Kübra A., “Geçen sene ek kitap istemediğim için okulda başarısız öğretmen ilan edildim. Bu sene veliler kendileri talepte bulundu. Toplantı yaptık, 30 ailenin 25’i ‘kaynak kitap alalım’ dediler. Birtakım kitaplar sahiden o kadar yetersiz ki biz öğretmenler olarak bile işlerken sıkılıyoruz. Bizde imtihan kültürü var. Özel okul öğrencisiyle yarışıyoruz. Kalite ortada. Gerçeklere kulak tıkayamayız” dedi.

Muzaffer Y., “Değişik bir veli profili var. Öğretmen kaynak istemese ilgisiz ve başarısız olarak görülüyor, kaynak istese soyguncu oluyor. Her bir veli kendi isteğine bakılırsa davranılsın istiyor ancak 25-30 veliyi ortak bir noktada buluşturmak imkansız. Aldırsan keder, aldırmasan sıkıntı…” sözlerini kullandı.

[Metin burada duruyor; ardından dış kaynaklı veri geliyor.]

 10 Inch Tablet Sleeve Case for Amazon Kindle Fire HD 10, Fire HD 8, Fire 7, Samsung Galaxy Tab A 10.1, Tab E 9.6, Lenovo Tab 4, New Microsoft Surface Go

KIRTASİYE: SİPARİŞ YETİŞMİYOR

İstanbul Bağcılar’da kırtasiyecilik yapan Selim Kızıl, “Her sene bu günlerde tek işimiz kaynak kitap satmak. Siparişlere orta ara yetişemiyoruz. Öğretmenler gönderiyor biz de çocukların gereksinimini buluyoruz” dedi.

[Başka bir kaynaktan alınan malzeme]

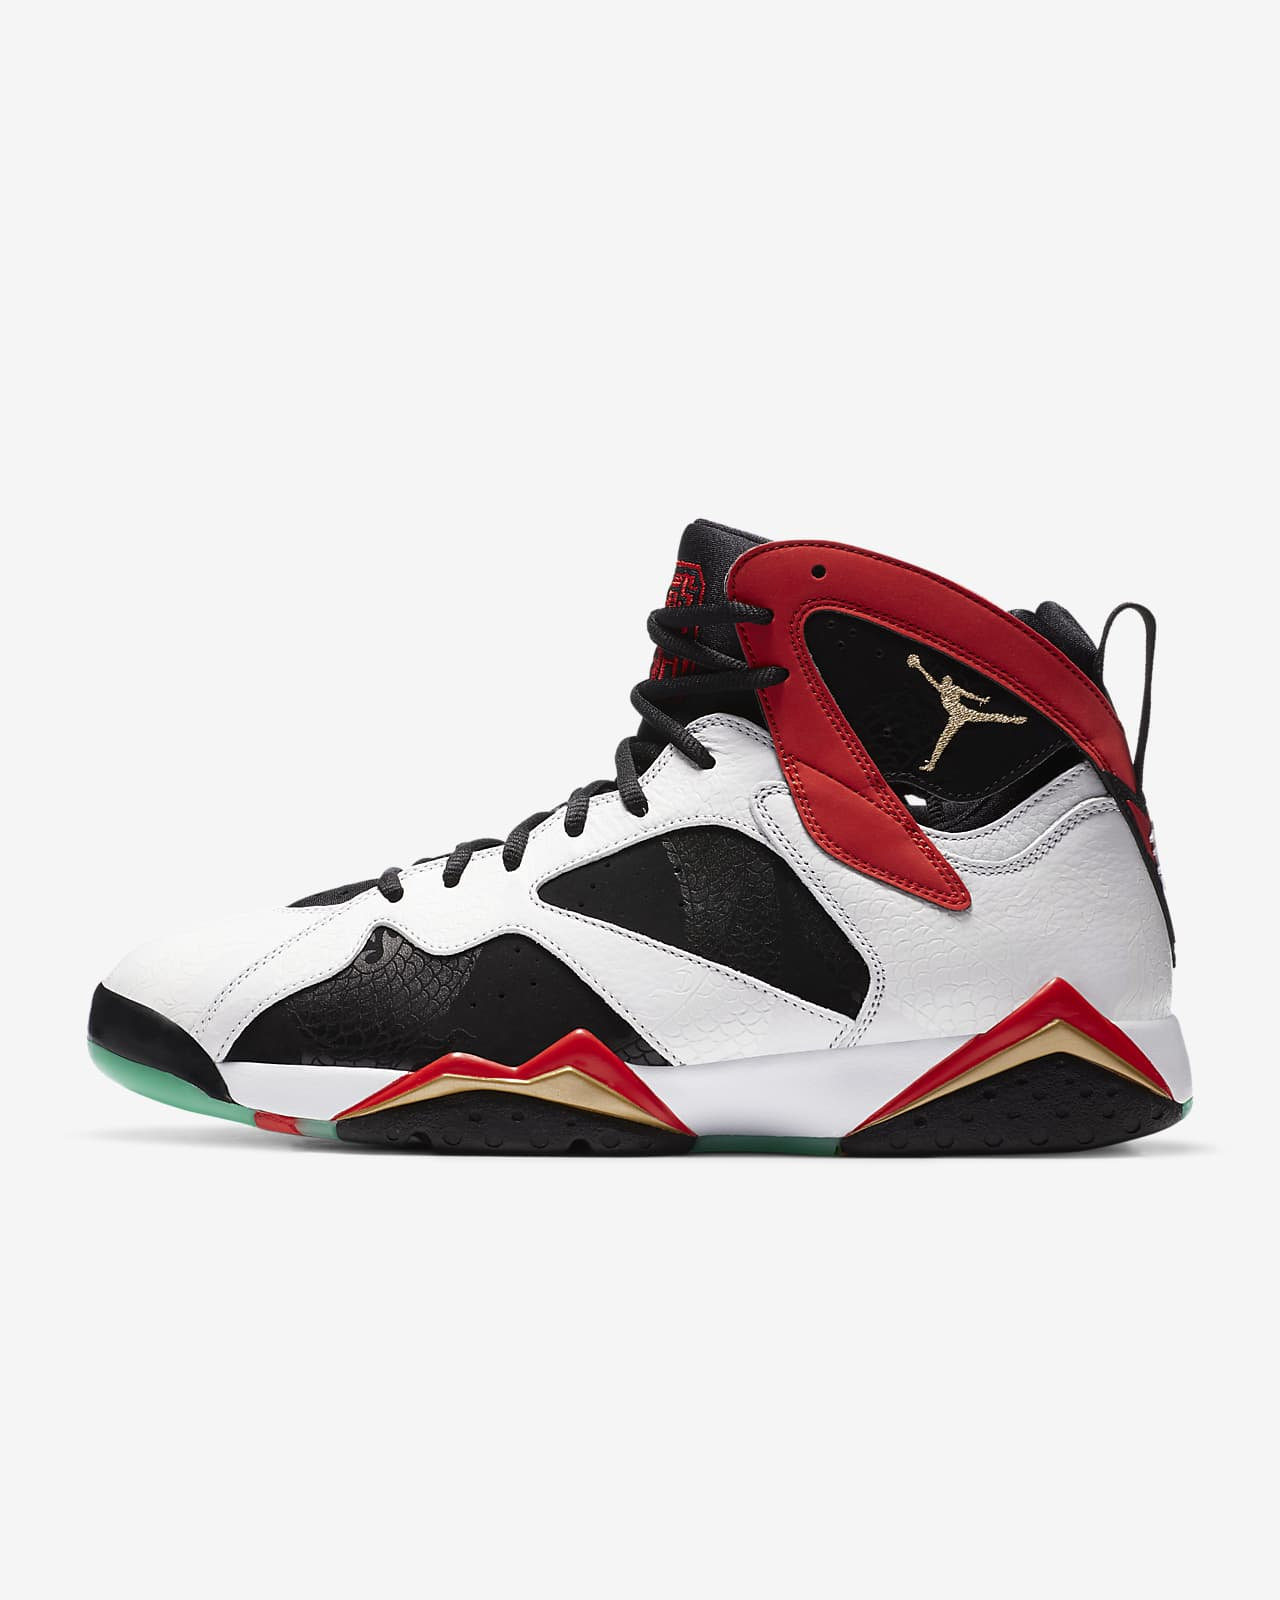 Air Jordan 7 Retro GC Men's Shoe

MEB KİTAPLARI YETERSİZ, TEKRAR REVİZE EDİLMELİ

Doç. Dr. Selman Tunay Kamer, “Her yıl yaşanan bir döngü var. MEB imtihanlara hazırlık ile ilgili kaynaklar da hazırlıyor lakin bunun kâfi olmadığı ek kaynaklara olan istekten anlaşılıyor. Bunun en hoş tahlili Talim ve Terbiye Konseyi Başkanlığı, Ölçme, Kıymetlendirme ve İmtihan Hizmetleri Genel Müdürlüğü, Takviye Hizmetleri Genel Müdürlüğü üzere MEB’deki ünitelerin bir ortaya gelerek öğrenciye ne öğretilmek istendiği ve imtihan içeriğinin ne olması gerektiği bahislerini ele alıp ders kitaplarının buna bakılırsa hazırlanmasıdır. Yani kurumların eş güdüm içerisinde çalışması daha hayli randıman alınmasını ve ekonomik manada bir kaynak israfının önlemesini sağlayacak. Ders kitaplarının anlatım ve bilgi transferi açısından kâfi bulunmasına karşın ölçme ve kıymetlendirme açısından kâfi olmadığı bilinmektedir. Örneğin matematik dersleri sorun çözerek ayrıntıların daha epeyce pekişeceği bir ders olarak düşünüldüğünde ders kitaplarında yeteri kadar alıştırma/pekiştirme sorularına yer verilmemektedir. Ders kitapların kullanıma dair her yıl sonunda öğretmenlerden alınan görüşlerin daha dikkatli bir biçimde incelenmesi ve elde edilecek bilgiler göre ders kitaplarının bir daha revize edilmesi gerekmektedir” diye konuştu.